You are viewing a plain text version of this content. The canonical link for it is here.

Posted to user@spark.apache.org by Shushant Arora <sh...@gmail.com> on 2015/07/21 05:31:35 UTC

spark streaming 1.3 coalesce on kafkadirectstream

does spark streaming 1.3 launches task for each partition offset range
whether that is 0 or not ?

If yes, how can I enforce it to not to launch tasks for empty rdds.Not able
t o use coalesce on directKafkaStream.

Shall we enforce repartitioning always before processing direct stream ?

use case is :

directKafkaStream.repartition(numexecutors).mapPartitions(new
FlatMapFunction<Iterator<Tuple2<byte[],byte[]>>, String>(){
...
}

Thanks

Re: spark streaming 1.3 coalesce on kafkadirectstream

Posted by Tathagata Das <td...@databricks.com>.

With DirectKafkaStream there are two approaches.
1. you increase the number of KAfka partitions Spark will automatically
read in parallel
2. if that's not possible, then explicitly repartition only if there are
more cores in the cluster than the number of Kafka partitions, AND the
first map-like state on the directKafkaDStream is heavy enough to warrant
the cost of repartitioning (shuffles the data around).

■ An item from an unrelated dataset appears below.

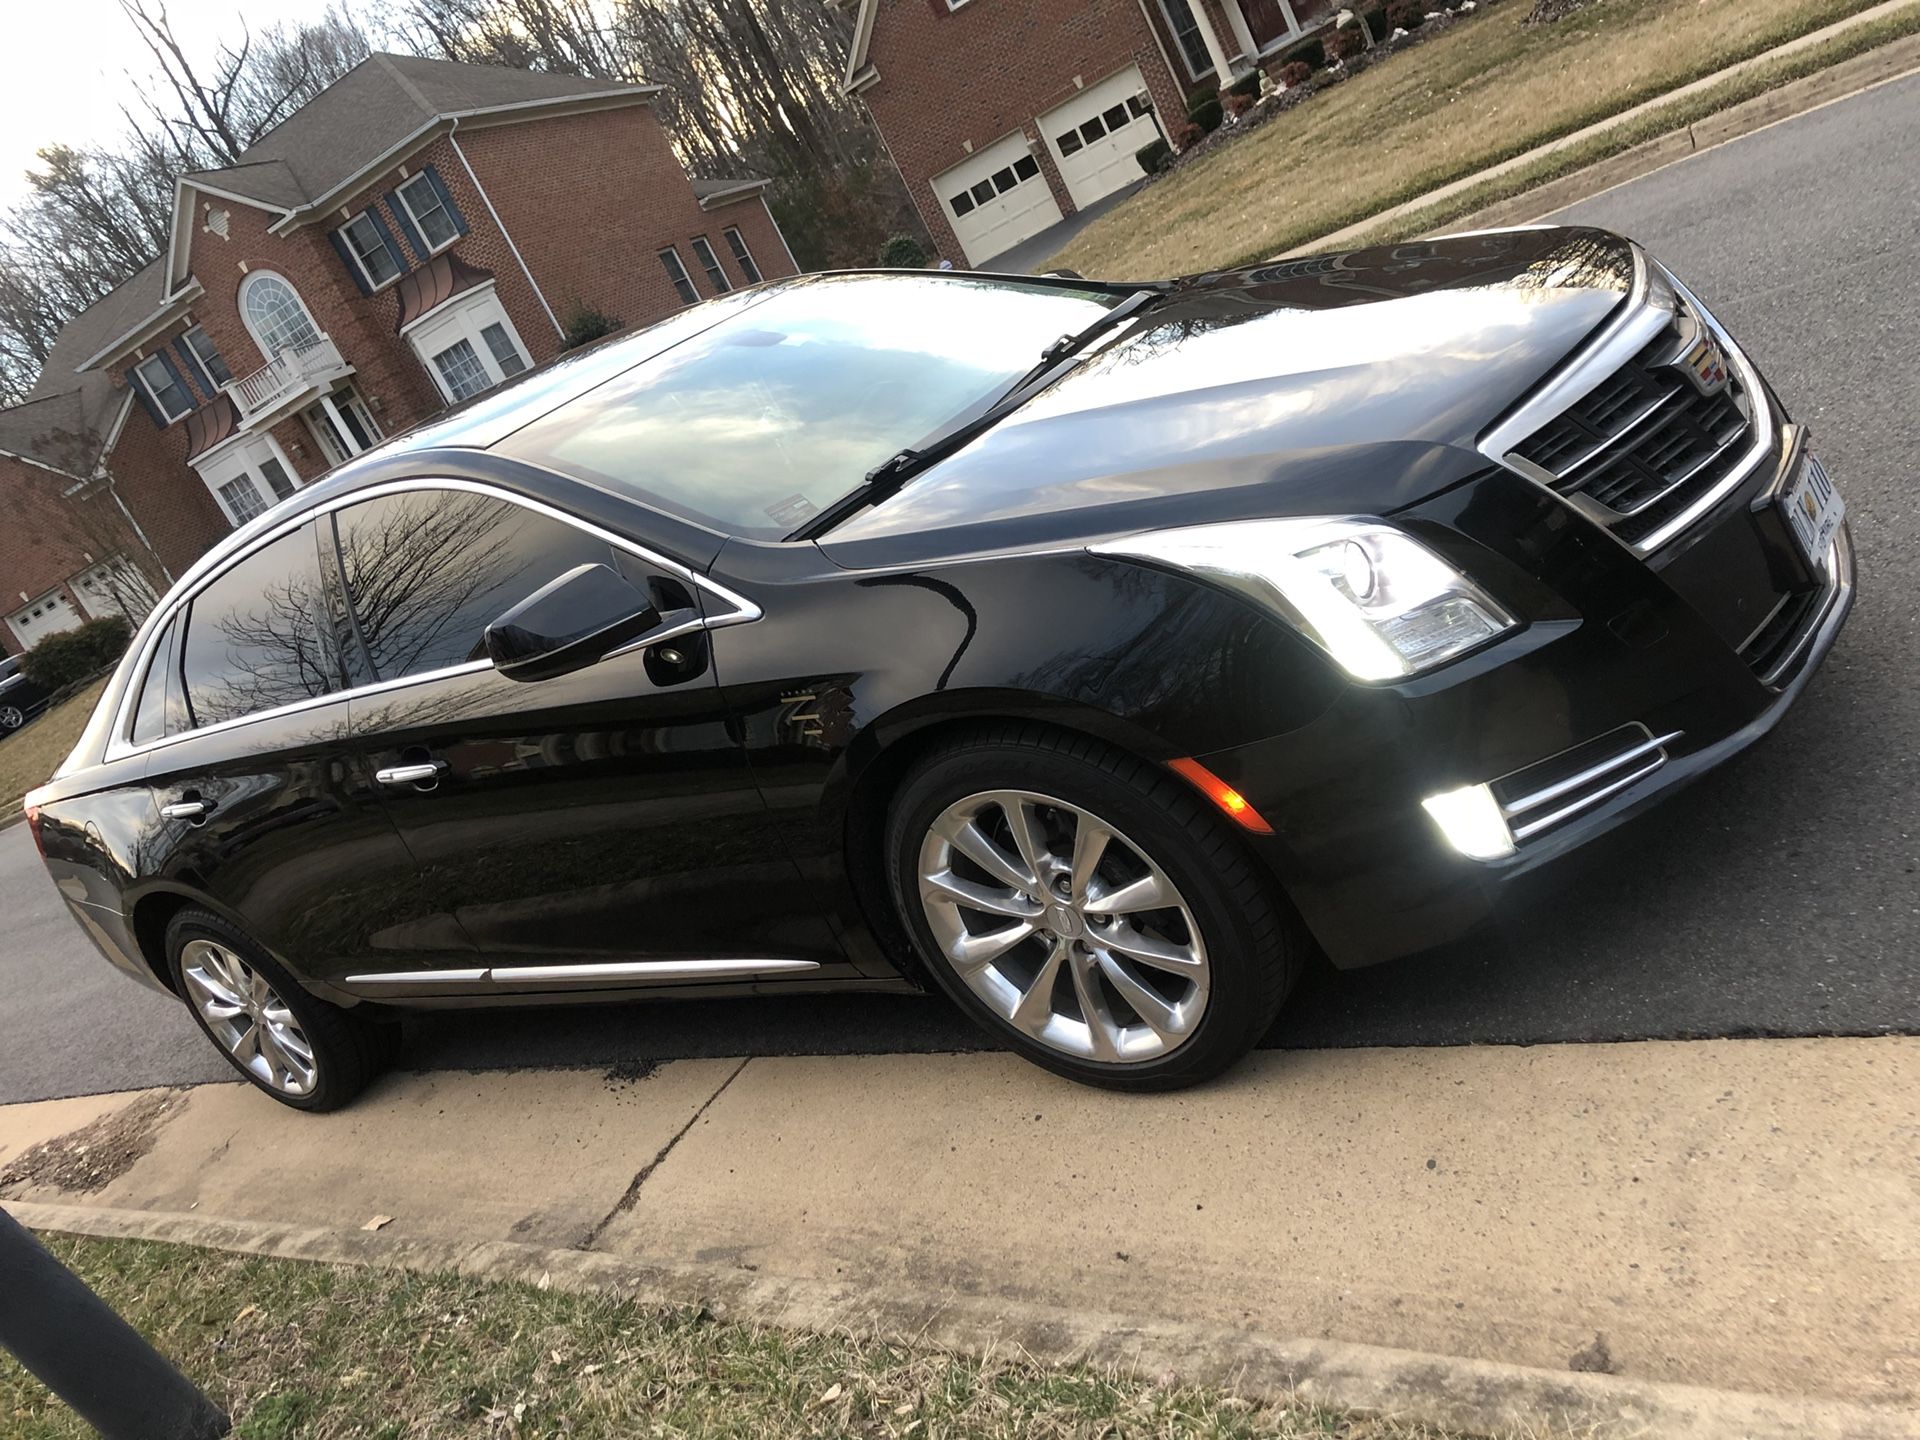 2016 Cadillac XTS

On Mon, Jul 20, 2015 at 8:31 PM, Shushant Arora <sh...@gmail.com>
wrote:

> does spark streaming 1.3 launches task for each partition offset range
> whether that is 0 or not ?
>
> If yes, how can I enforce it to not to launch tasks for empty rdds.Not
> able t o use coalesce on directKafkaStream.
>
> Shall we enforce repartitioning always before processing direct stream ?
>
> use case is :
>
> directKafkaStream.repartition(numexecutors).mapPartitions(new
> FlatMapFunction<Iterator<Tuple2<byte[],byte[]>>, String>(){
> ...
> }
>
> Thanks
>